To view the exhibit is to get lost in time—to learn from the history of pertinent moments in the Civil Rights struggle, like Freedom Summer; the murder of Goodman, Cheney, and Schwerner; Bloody Sunday; the successful Selma to Montgomery march two weeks later; the freeing of Nelson Mandela; and the election of Barack Obama, among a host of other events. Among the most remarkable photographs are some of Julian Bond, who recounted his youth as a son of a college president and having W.E.B. Du Bois and Albert Einstein come for regular visits to his home; a picture of John Lewis in a hospital bed after the beating he suffered on Bloody Sunday; a photo of King, Young, Lewis, and Abernathy lying on the ground during the Selma to Montgomery march; and a photograph taken by Steve Shapiro of John Lewis throwing a single rose petal in Montreat’s Lake Susan after learning of the death of Julian Bond.

But more than just a walk through history, the exhibit shows a deep and abiding intimacy between Wade and these key leaders, reflected in heartfelt signatures that adorn many of the photographs. It is in these relationships that transcend the barriers fostered by color that transformative Love can be seen—the kind Wade suggests we all might learn to share.

In recent years, Wade has continued the activism of his famous friends—most now receiving their Heavenly reward after valiant lives of self-sacrifice and struggle. He calls himself an “accidental activist” who happened into a scenario that changed his life forever. He has continued their work and inspired countless others, including a plethora of young people at places like Montreat, to join the movement for justice. The exhibit is a challenge to all who view it to recognize that change comes from ordinary people standing up and working to overcome evil and injustice in this world as coworkers with God.

This exhibit of an ordinary man deemed white who surrendered his privilege to stand arm and arm with Black activists is a challenge to all to know that we each have a role to play if we would like to see a better world. It is a call to engage in a struggle that is bigger than any of us, but worthy of all of us. It offers an imperative to each of its viewers to get involved in this necessary work.

The exhibit “I am a Witness.” is located on the second floor of UPSem Charlotte outside the doors of the Center for Social Justice and Reconciliation office. It will be open to the public in the fall of this year.

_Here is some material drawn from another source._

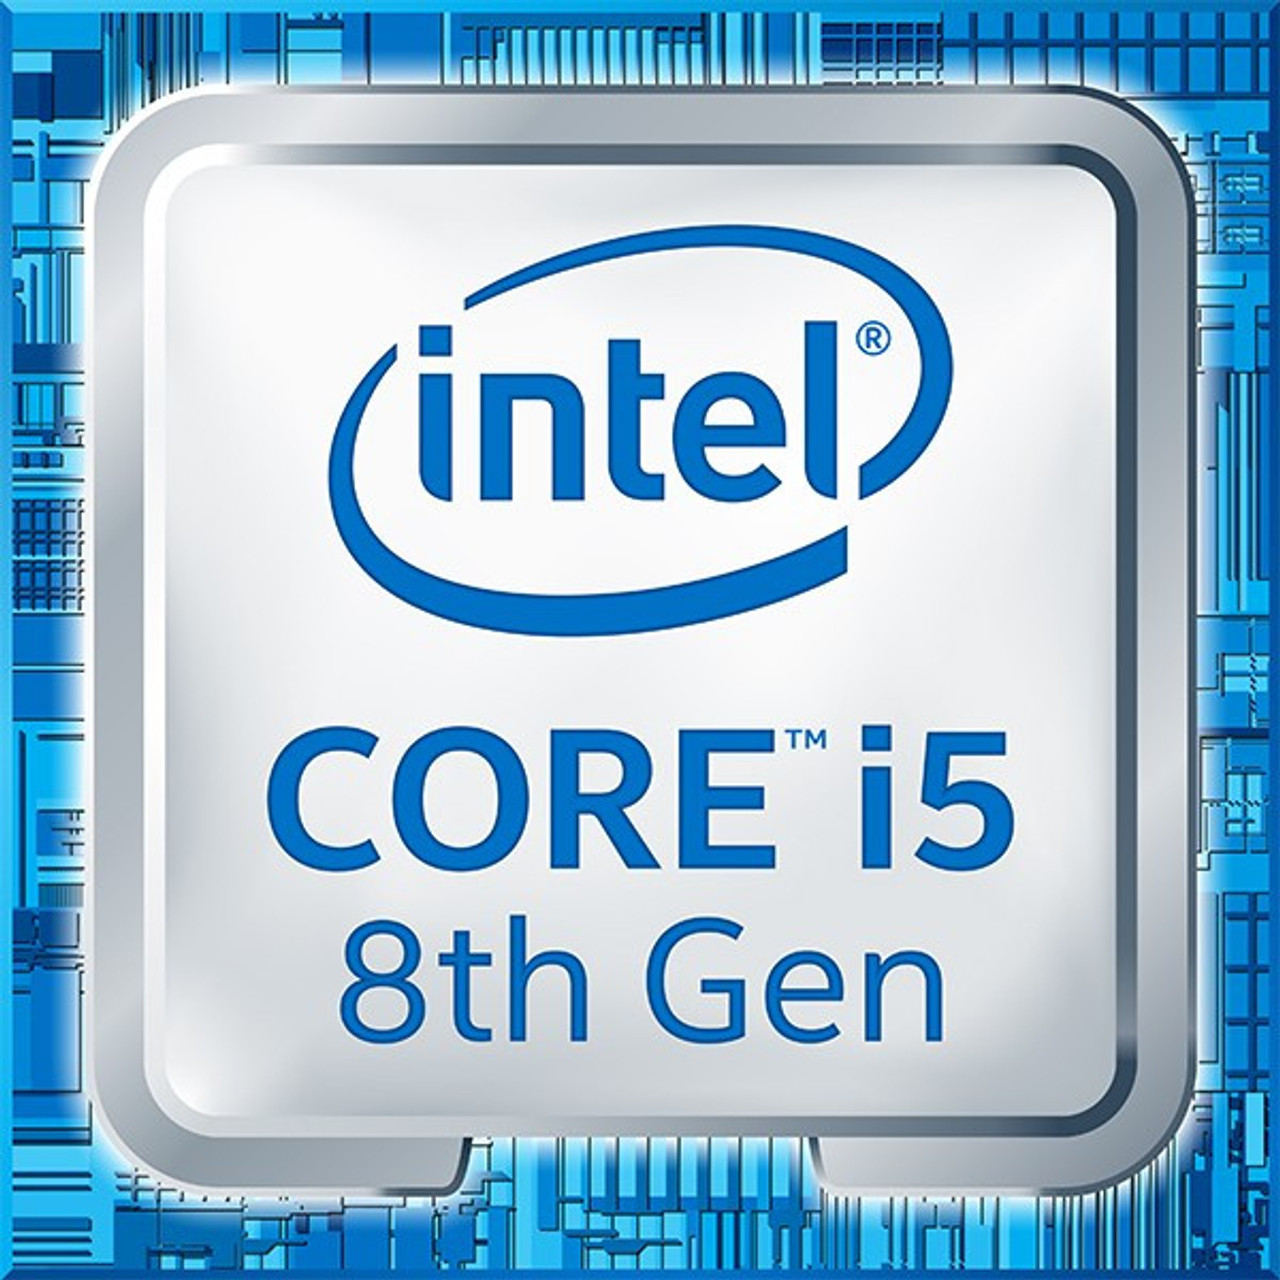 Intel Core Â® â„¢ i5-8600K Processor (9M Cache, up to 4.30 GHz) 3.60GHz 9MB Smart Cache process
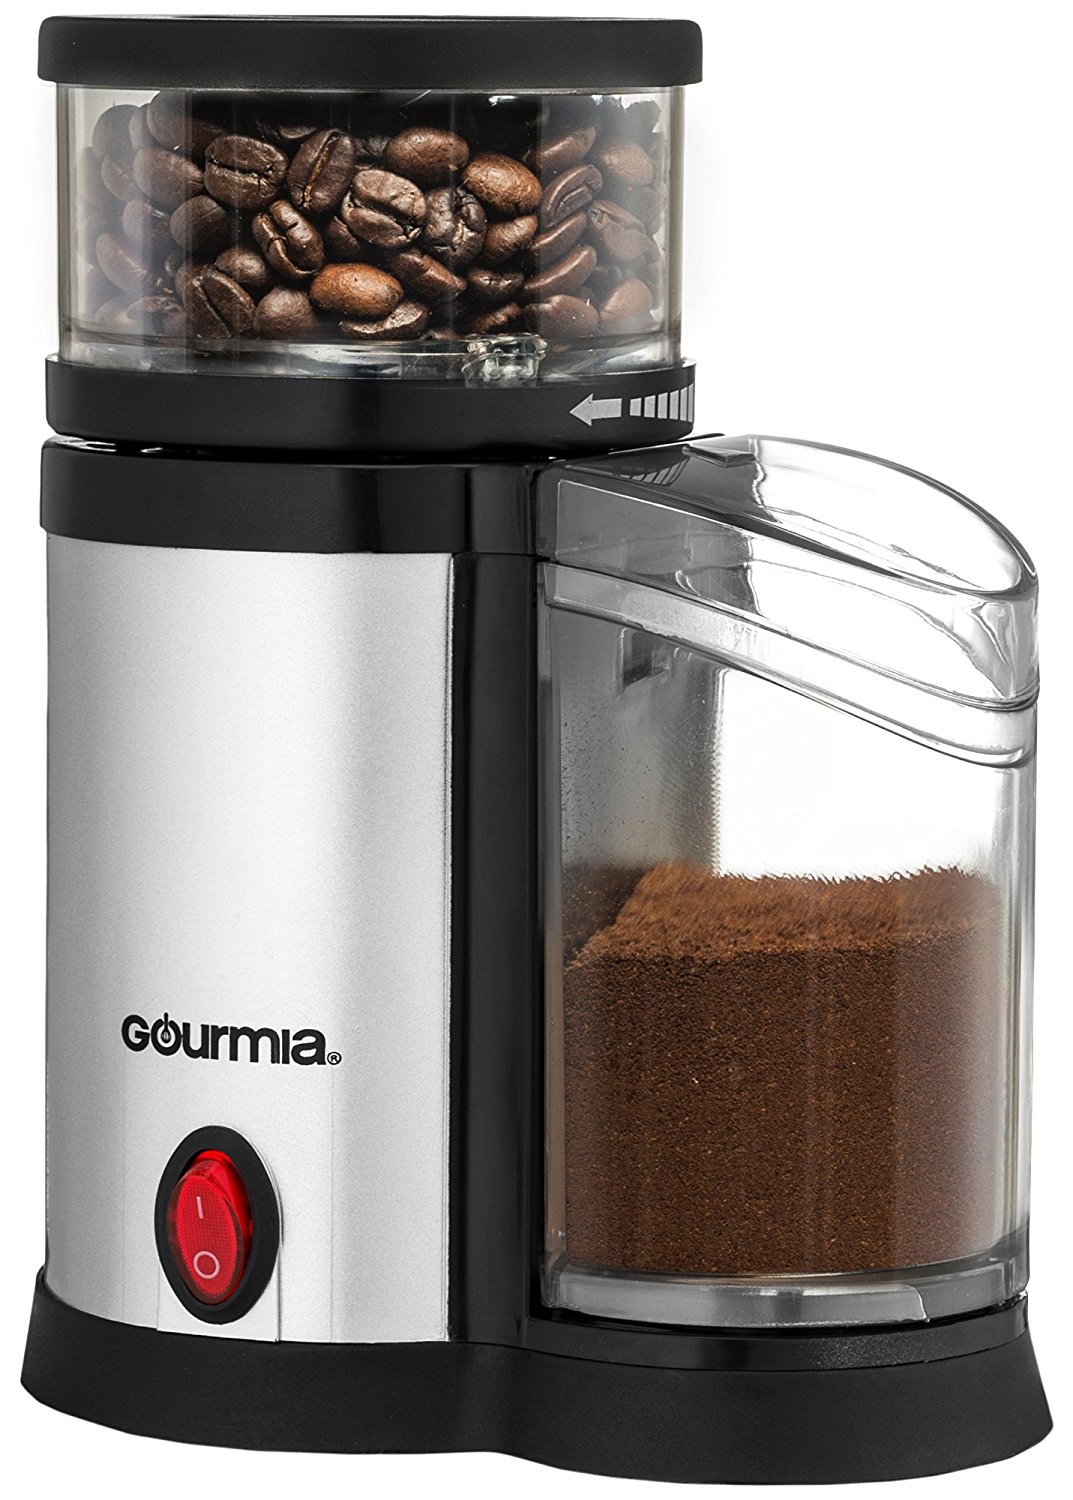 Gourmia GCG165 Compact Electric Burr Coffee Grinder

Rodney S. Sadler Jr. is an ordained Baptist minister and is Associate Professor of Bible and Director of the Center for Social Justice and Reconciliation at Union Presbyterian Seminary. His teaching experience includes courses in biblical languages, Old and New Testament interpretation, wisdom literature in the Bible, the history and religion of ancient Israel, and African American biblical interpretation. His first authored book, Can A Cushite Change His Skin? An Examination of Race, Ethnicity, and Othering in the Hebrew Bible, was published in 2005. He frequently lectures within the church and the community on Race in the Bible, African American Biblical Interpretation, the Image of Jesus, Biblical Archaeology, and the Dead Sea Scrolls. He is the managing editor of the African-American Devotional Bible.